When I was creating a digital story, I was afraid of opening up about my experiences with mental illness. I thought about all of the ways in which I could get hurt or I could hurt others. I wondered:

What would people say or think?

Would I be doing my community a disservice by sharing my struggle – a struggle that they took part in creating?

How did I know that my story was being truthful to my reality?

How could I articulate my story in a way that was personal but also relatable, to some extent, to others?

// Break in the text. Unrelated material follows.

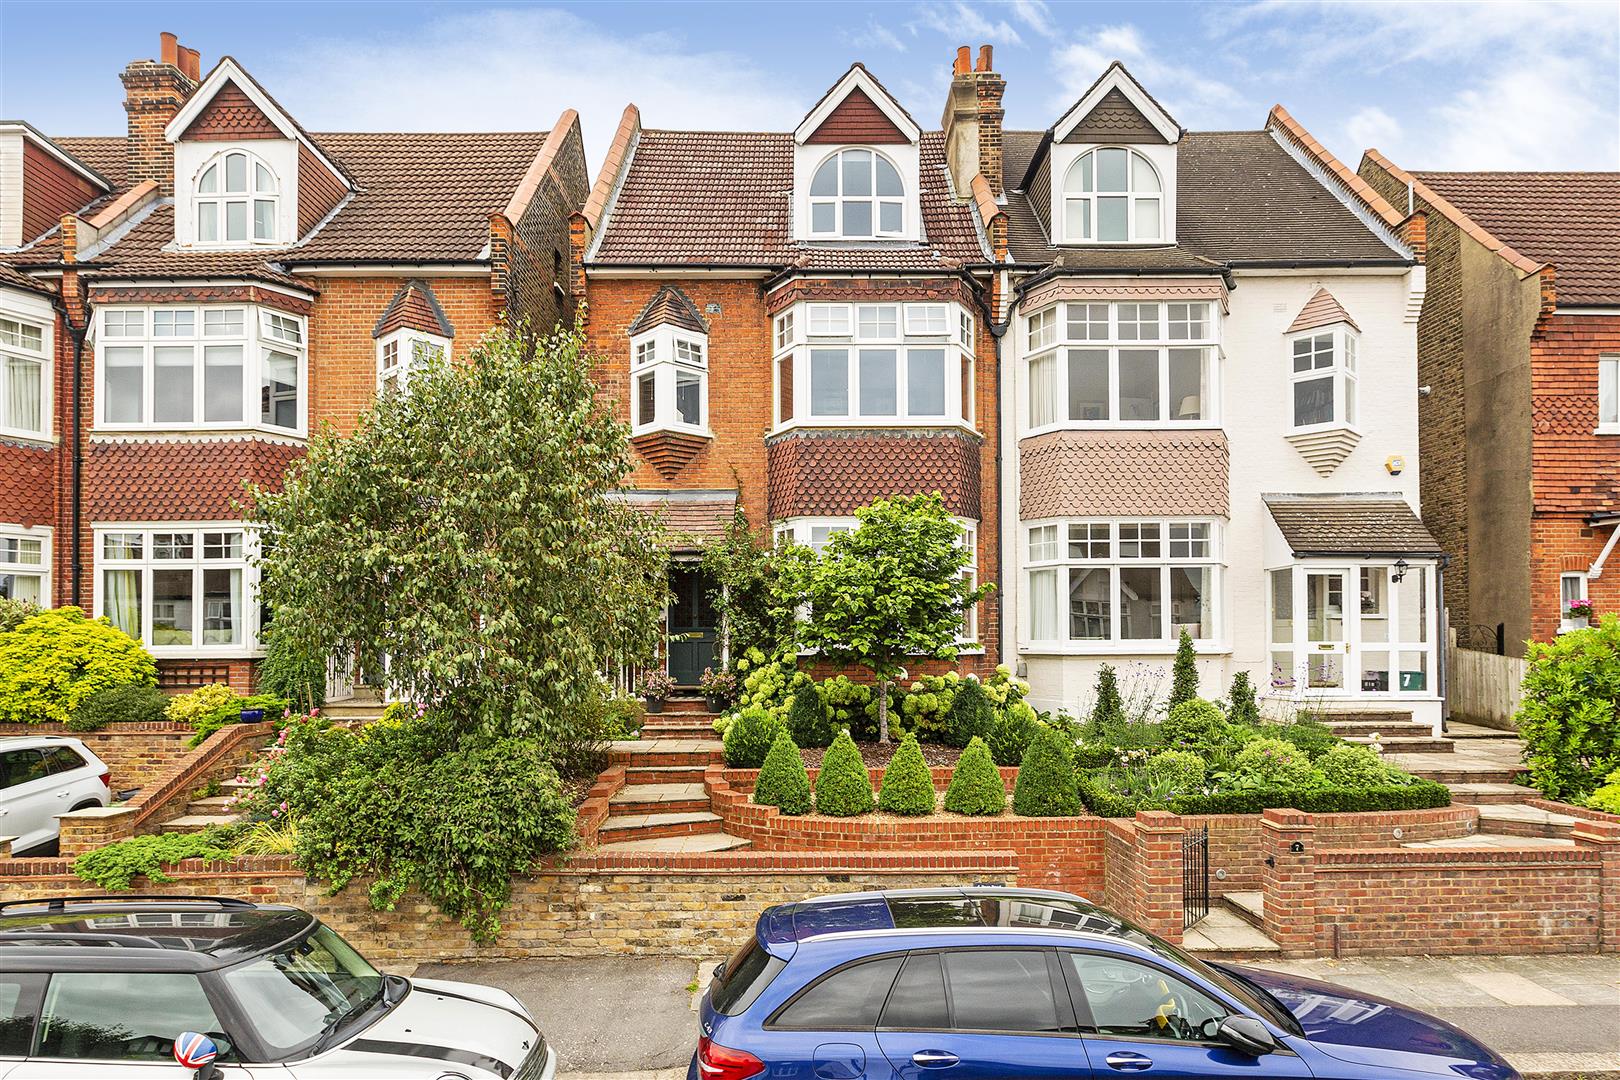 5 Bedroom Semi-Detached House for sale in Wimbledon

Stories are constructions. Every story is a representation of reality. Stories are important because they are inherently reflective about how one constructs their reality and understands their surroundings, circumstances, and experiences. I was opening myself up to the possibility of being wounded. I was coming from a place of introspection when I shared my story. For the digital story, I decided to talk about my experiences with major depressive disorder and how my experiences and feelings were at odds with the rhetoric of self-care. I talked about how I felt reading articles that told me to eat healthier or exercise. These articles assumed that I woke up every day with a will to live.

I wondered about what self-care looked like for a depressed person.

I am still trying to figure this out.

The readers and writers who engaged with the self-care rhetoric have dominant voices, voices that typically cater to people who do not experience mental health issues. This discourse shaped my own story because it made me reflect upon how self-care looked different for every individual. The discourse negatively impacted my story about how self-care manifests as a someone with depression, because I was, and am, bombarded with messages of what it looks like take care of myself.

Throughout the process of creating the digital story, I found a voice through which I could make sense of my experiences, and reflect upon how vulnerability paves way for conversations that need to take place.